# FLORIDA IN WINTER



## connie (Feb 19, 2002)

I would like to hear from anyone who has driven to Florida during the winter from up North. The tri-state area. N.J.,N.Y.,Conn. What did you drive? What happens during bad weather? If it snows? How long did it take you? Would you recommend the trip?  Connie


----------



## Will Daniels (Feb 19, 2002)

FLORIDA IN WINTER

Connie: All us old farts drive to Florida for the winter.What's the problem? Get youself a Next Exit book at Walmart and follow I-95.If it snows stop at the next Motel 6 and wait.Likewise with an RV,stop and enjoy someplace you never went before.If you are new to camping,maybe you should rent an RV to see what its like before you spend any big bucks.When I lived in CT I would take 2-3 days to drive to FL even with a car,so that I would be able to enjoy my stay there and not be tired from the trip.Enjoy your retirement.


----------



## connie (Feb 19, 2002)

FLORIDA IN WINTER


Connie: All us old farts drive to Florida for the winter.What's the problem?
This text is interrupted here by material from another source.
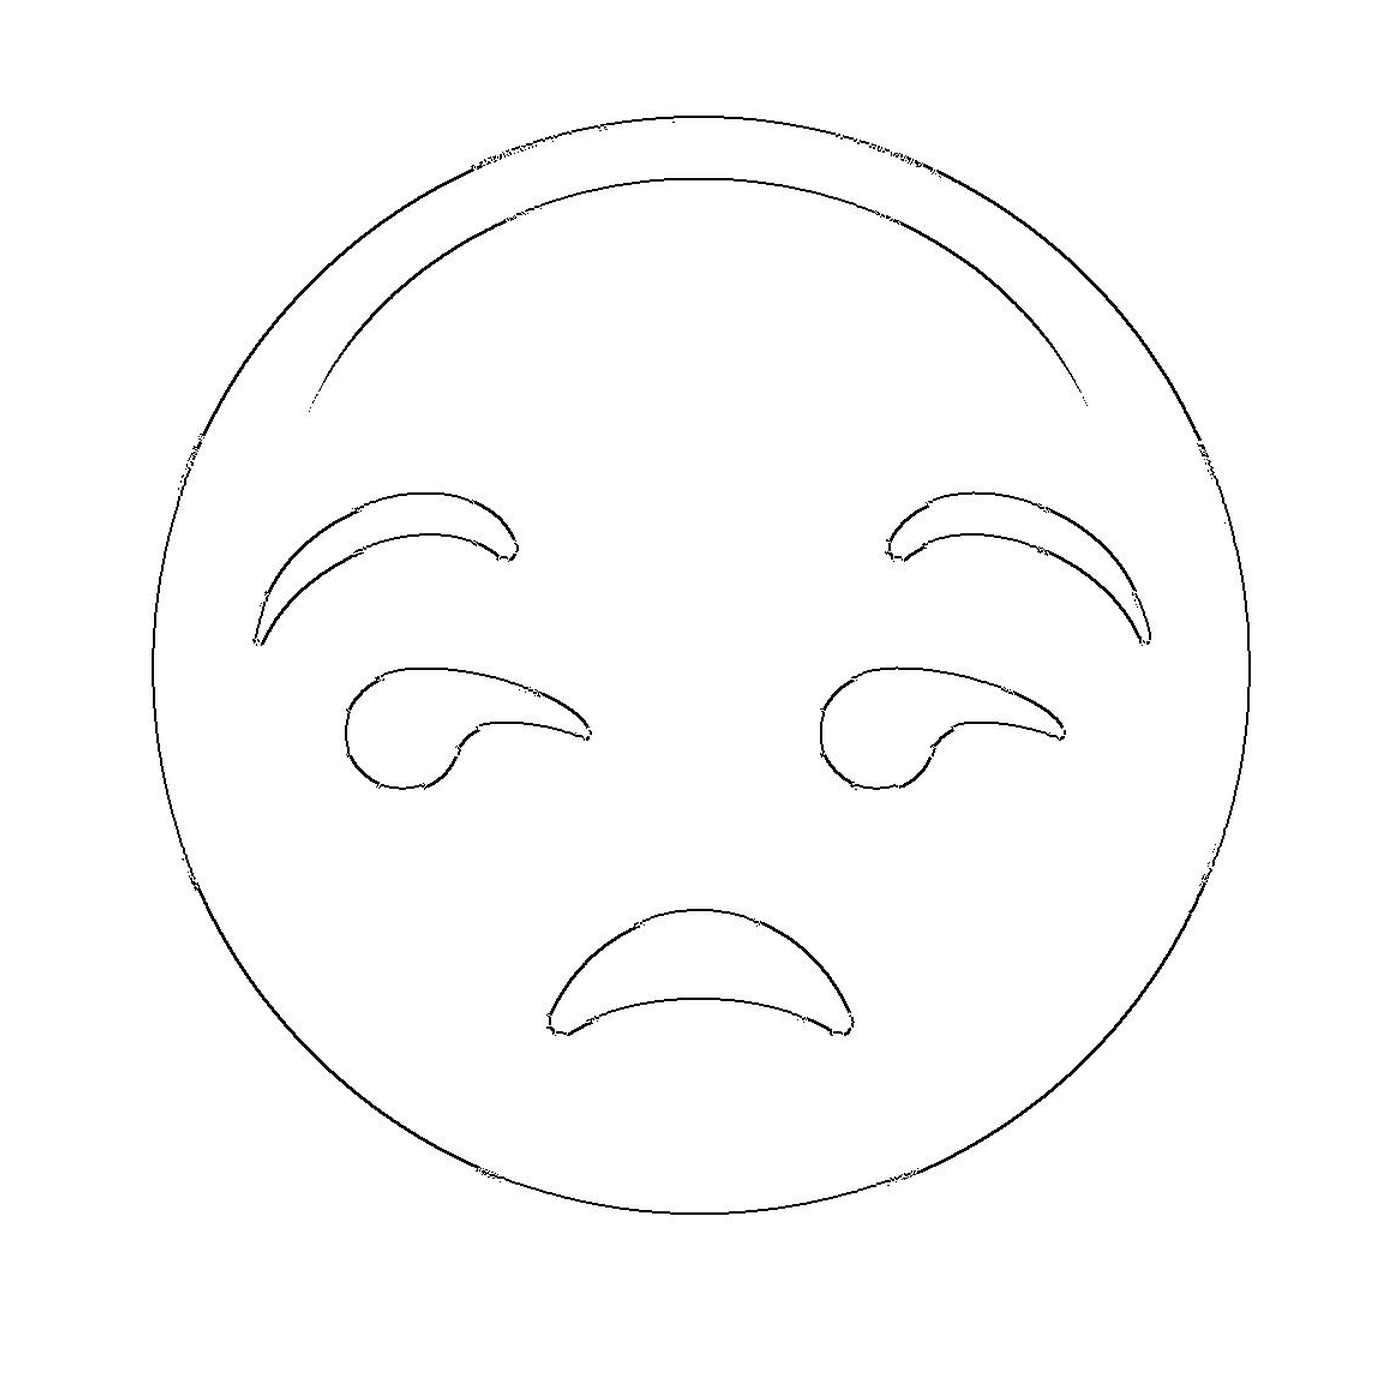  A sad face drawn

Get youself a Next Exit book at Walmart and follow I-95.If it snows stop at the next Motel 6 and wait.Likewise with an RV,stop and enjoy someplace you never went before.If you are new to camping,maybe you should rent an RV to see what its like before you spend any big bucks.When I lived in CT I would take 2-3 days to drive to FL even with a car,so that I would be able to enjoy my stay there and not be tired from the trip.Enjoy your retirement.


----------



## connie (Feb 19, 2002)

FLORIDA IN WINTER

What are the camp grounds like around the FT. Lauderdale area? Are they like parking lots or roomy?  Can anyone recommend any?  Connie


----------